RECORDED DATA>
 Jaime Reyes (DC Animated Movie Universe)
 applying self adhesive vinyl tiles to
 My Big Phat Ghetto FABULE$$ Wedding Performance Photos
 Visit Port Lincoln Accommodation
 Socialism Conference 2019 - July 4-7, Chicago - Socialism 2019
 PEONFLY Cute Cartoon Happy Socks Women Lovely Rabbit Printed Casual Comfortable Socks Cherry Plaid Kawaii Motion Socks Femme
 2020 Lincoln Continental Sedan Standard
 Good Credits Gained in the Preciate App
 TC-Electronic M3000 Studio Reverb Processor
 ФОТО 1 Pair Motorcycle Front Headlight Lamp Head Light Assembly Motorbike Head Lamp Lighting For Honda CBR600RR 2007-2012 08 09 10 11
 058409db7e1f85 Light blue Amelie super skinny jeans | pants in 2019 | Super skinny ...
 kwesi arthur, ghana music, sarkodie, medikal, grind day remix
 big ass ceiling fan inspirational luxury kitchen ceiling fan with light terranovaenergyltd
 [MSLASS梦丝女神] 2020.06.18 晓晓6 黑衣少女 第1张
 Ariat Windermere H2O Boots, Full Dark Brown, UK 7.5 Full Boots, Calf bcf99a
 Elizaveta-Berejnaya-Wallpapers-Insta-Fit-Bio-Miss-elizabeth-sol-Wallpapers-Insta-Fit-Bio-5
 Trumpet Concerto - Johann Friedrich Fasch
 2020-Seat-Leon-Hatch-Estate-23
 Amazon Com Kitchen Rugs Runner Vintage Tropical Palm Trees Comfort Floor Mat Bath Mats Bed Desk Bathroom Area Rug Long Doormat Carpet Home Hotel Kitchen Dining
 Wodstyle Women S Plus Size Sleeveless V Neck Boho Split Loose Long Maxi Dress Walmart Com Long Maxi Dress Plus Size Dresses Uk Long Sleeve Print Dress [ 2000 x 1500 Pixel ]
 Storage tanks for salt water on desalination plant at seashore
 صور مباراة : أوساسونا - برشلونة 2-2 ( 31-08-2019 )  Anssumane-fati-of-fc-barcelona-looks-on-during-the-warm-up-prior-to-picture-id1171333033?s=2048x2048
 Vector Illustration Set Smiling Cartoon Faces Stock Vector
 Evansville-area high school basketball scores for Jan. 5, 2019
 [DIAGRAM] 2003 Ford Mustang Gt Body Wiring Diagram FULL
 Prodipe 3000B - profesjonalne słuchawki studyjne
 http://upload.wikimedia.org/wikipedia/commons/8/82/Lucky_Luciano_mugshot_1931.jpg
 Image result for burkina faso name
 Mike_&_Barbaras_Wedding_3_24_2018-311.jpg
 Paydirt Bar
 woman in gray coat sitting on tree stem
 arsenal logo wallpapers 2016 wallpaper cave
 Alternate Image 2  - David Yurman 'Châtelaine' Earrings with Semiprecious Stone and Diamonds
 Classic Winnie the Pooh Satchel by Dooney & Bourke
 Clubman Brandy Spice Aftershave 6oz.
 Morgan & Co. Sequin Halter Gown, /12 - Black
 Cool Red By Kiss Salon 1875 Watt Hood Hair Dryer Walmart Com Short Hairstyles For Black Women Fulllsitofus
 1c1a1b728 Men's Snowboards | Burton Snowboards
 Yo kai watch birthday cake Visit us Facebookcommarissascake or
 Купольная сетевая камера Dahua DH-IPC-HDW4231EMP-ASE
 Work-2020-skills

WHAT THE TASK ASKS> Above are records; repeat only the lines starting at the line with "2020 Lincoln Continental Sedan Standard" and ending at the line with "kwesi arthur, ghana", exactly as they appear, both included.

RESULT FOR THIS EXERCISE>
 2020 Lincoln Continental Sedan Standard
 Good Credits Gained in the Preciate App
 TC-Electronic M3000 Studio Reverb Processor
 ФОТО 1 Pair Motorcycle Front Headlight Lamp Head Light Assembly Motorbike Head Lamp Lighting For Honda CBR600RR 2007-2012 08 09 10 11
 058409db7e1f85 Light blue Amelie super skinny jeans | pants in 2019 | Super skinny ...
 kwesi arthur, ghana music, sarkodie, medikal, grind day remix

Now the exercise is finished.